Именно этого он ждал. Соло исследовал ее так, как хотел сделать сначала, не оставив без внимания, ни один дюйм её тела. Он узнавал ее.
Он наслаждался ею, этой милой, уязвимой девочкой с сердцем, более совершенным, чем бриллианты. Он облизал ее шрамы на ногах.
— Такая красивая, — говорил он. — Такая совершенная.
— Я? Это ты красив и совершенен.
Когда она смотрела на него с удовольствием, страстью и желанием в глазах, он чувствовал себя прекрасным принцем, хотел быть таковым в детстве.
— Ты бы ничего не меняла во мне. — Утверждение, а не вопрос.
— Только если ты решишь оставить эту постель, прежде чем мы на самом деле займемся стоящими вещами!
Он хихикнул. Юмор. В сексе. Соло никогда не знал, что это возможно. Но тогда, он не был с такой женщиной как она, женщиной любви и света.
— Я покажу тебе стоящие вещи, — проворчал он с ложной свирепостью.
Он намеревался сделать именно это. Его собственное желание одолело его, заставляя спешить, но это было слишком важно, чтобы спешить, он жаждал ее удовлетворения слишком отчаянно, был полон решимости сделать это воспоминанием, которое Вика будет лелеять всю оставшуюся жизнь, что он был достаточно осторожен, и изучил ее реакции.
Когда она ахнула, стало понятно — ей понравилось то, что он делает.
Когда она застонала, стало понятно — ей действительно понравилось то, что он делает.
Но когда она начала извиваться от наслаждения, он понял, что теперь принадлежит ей.
Все время Вика мяла и царапала его спину и, казалось, не получала достаточно, казалось, нуждалась в нем, в некоторой части его, а когда она схватила его руку и втянула в рот палец.
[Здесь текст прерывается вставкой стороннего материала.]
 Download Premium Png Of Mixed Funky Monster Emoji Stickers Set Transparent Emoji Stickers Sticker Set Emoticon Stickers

Он чуть не выскочил из кожи.
— Ты действительно готова для меня, милая?
— Пожааалуйста.
Она выкрала слово прямо из его головы.
— Я должен взять презерватив. Я безопасен и чист, но мы не хотим рисковать забеременеть.
— Нет. Я хочу тебя чувствовать. Только тебя. Хотя бы на первый раз.
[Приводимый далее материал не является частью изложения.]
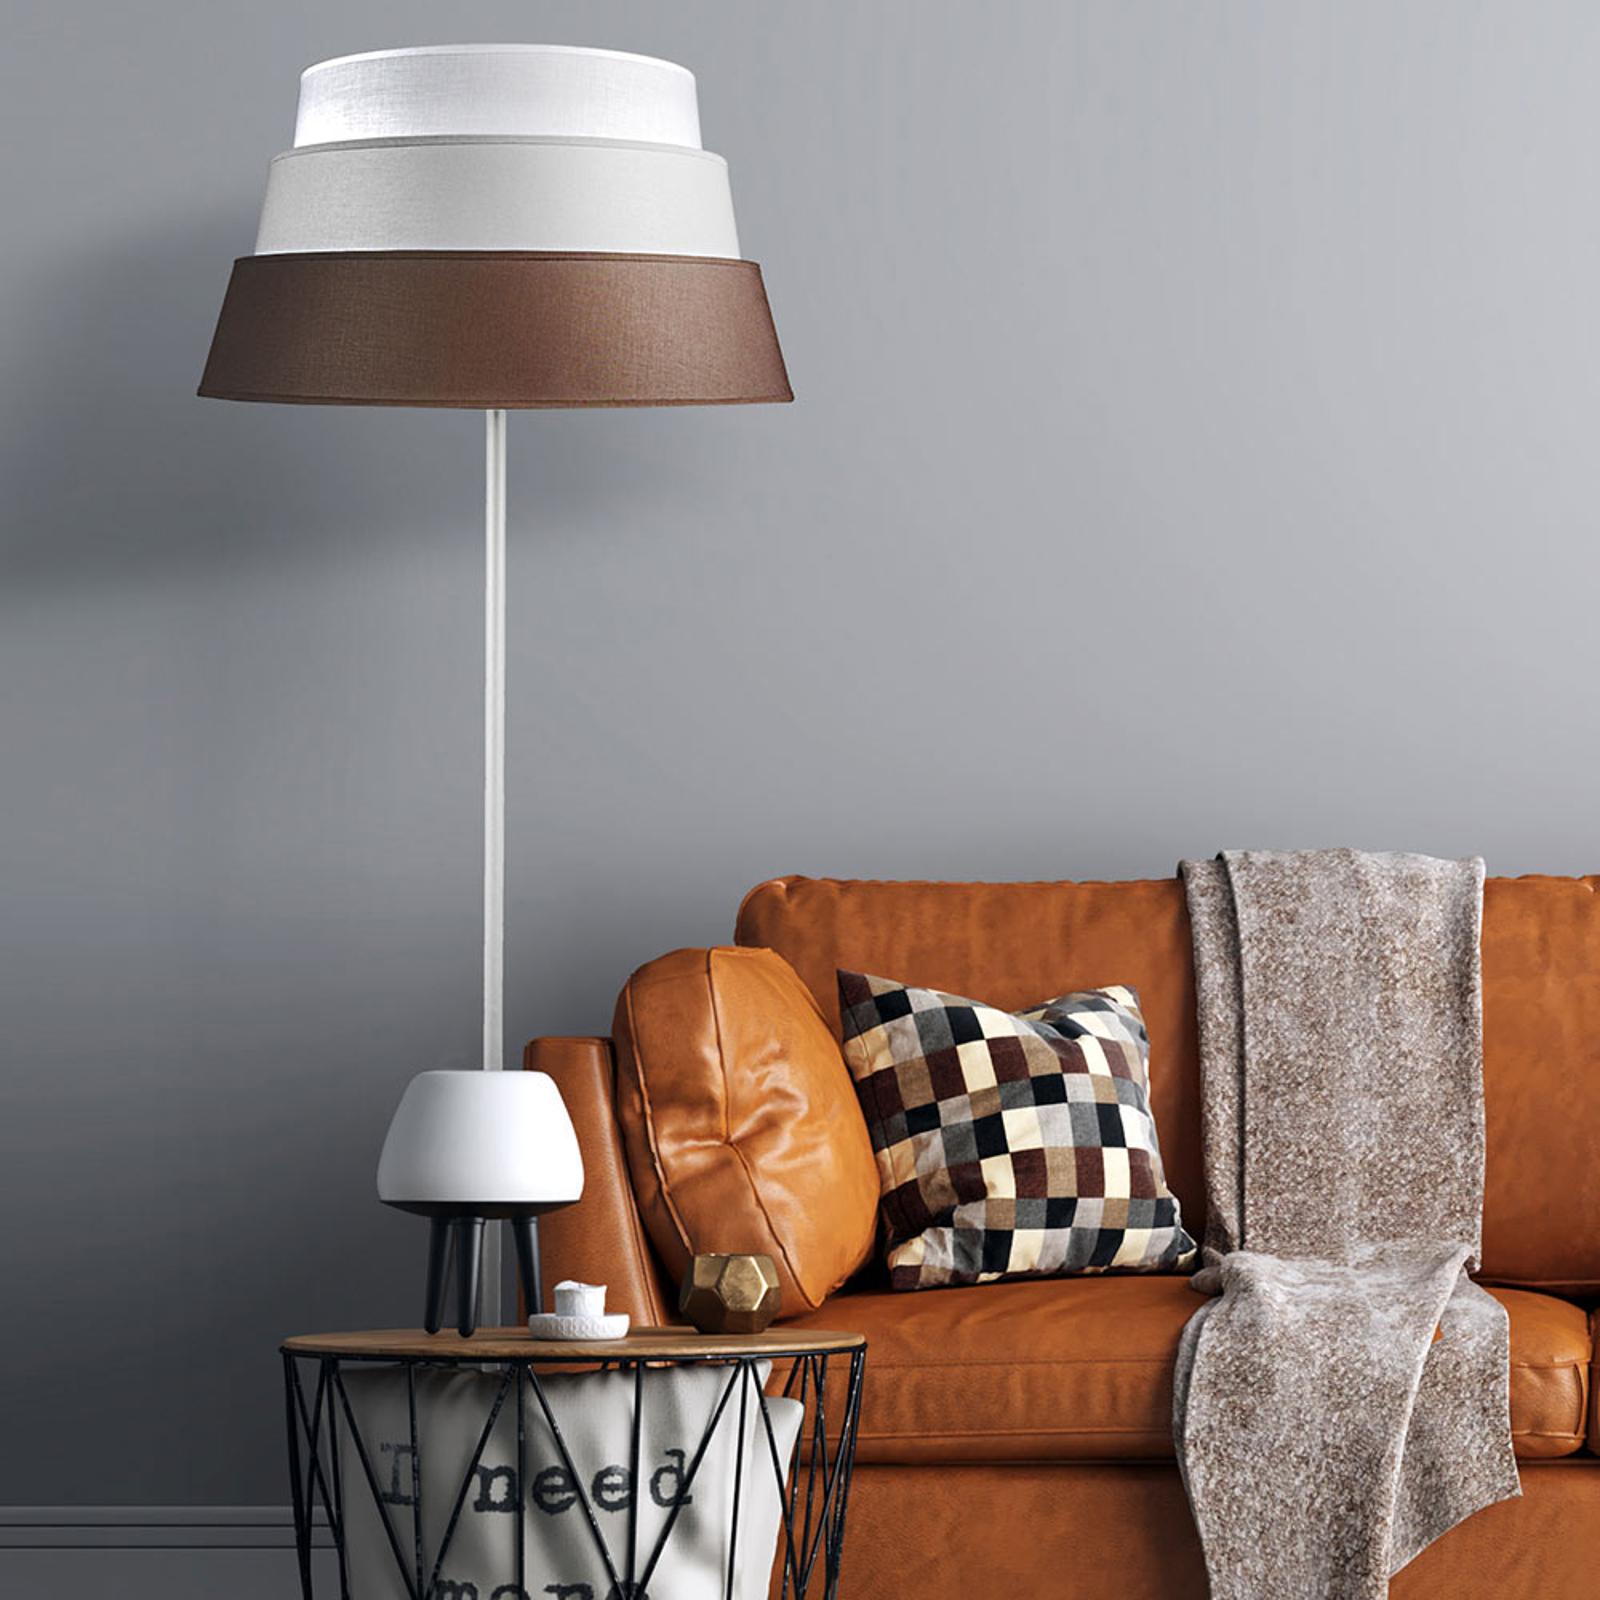 Vloerlamp Piramida, bruin/grijs/wit

О-о, да. Она, несомненно, украла слова из его головы. Соло знал о риске, как и сказал, но, казалось, не мог заставить себя позаботиться об этом.
Он переместился в нужную позицию, приготовился, но не взял ее. Еще нет. Их губы слились в еще одном горячем поцелуе, когда Вика обхватила его талию ногами.
Наконец он вошел. Соло хотел быть нежным, но она такая маленькая, и ему пришлось оказать больше давления, чем надеялся. Вика ахнула, когда он, наконец, скользнул в нее, и ее тело затряслось от шока вторжения.
— Ты в порядке? — спросил он, стиснув зубы.
— Дааа, — сказала она со стоном.
Значит, он выполнил свою работу, подготовил ее должным образом. Когда он двинулся в ней, она застонала, давая больше, чем он когда-либо воображал, ни в чем не отказывая.
Вика держалась за него, дышала на ухо, выкрикивала его имя, выгибалась под ним, двигалась, кричала, тянула за волосы, царапала ему спину, целовала, целовала и снова целовала.
И когда он знал, что она находилась на грани потери дыхания, Соло поднял голову и всмотрелся в ее глаза. Глубоко, так глубоко.
— Вика, — сказал он. — Я дам тебе все, что могу, клянусь, и тебе понравится это. Обещай это же мне.
— Соло, любимый, Соло. — Ее дрожь усилилась. — Обещаю. И я отдам тебе все. Все, что у меня есть.
— Сделаю тебя настолько счастливой, что ты скажешь это. — Когда он целовал и брал ее, то делал шаг к тому, что обещал отдать ей все, что у него когда-либо будет.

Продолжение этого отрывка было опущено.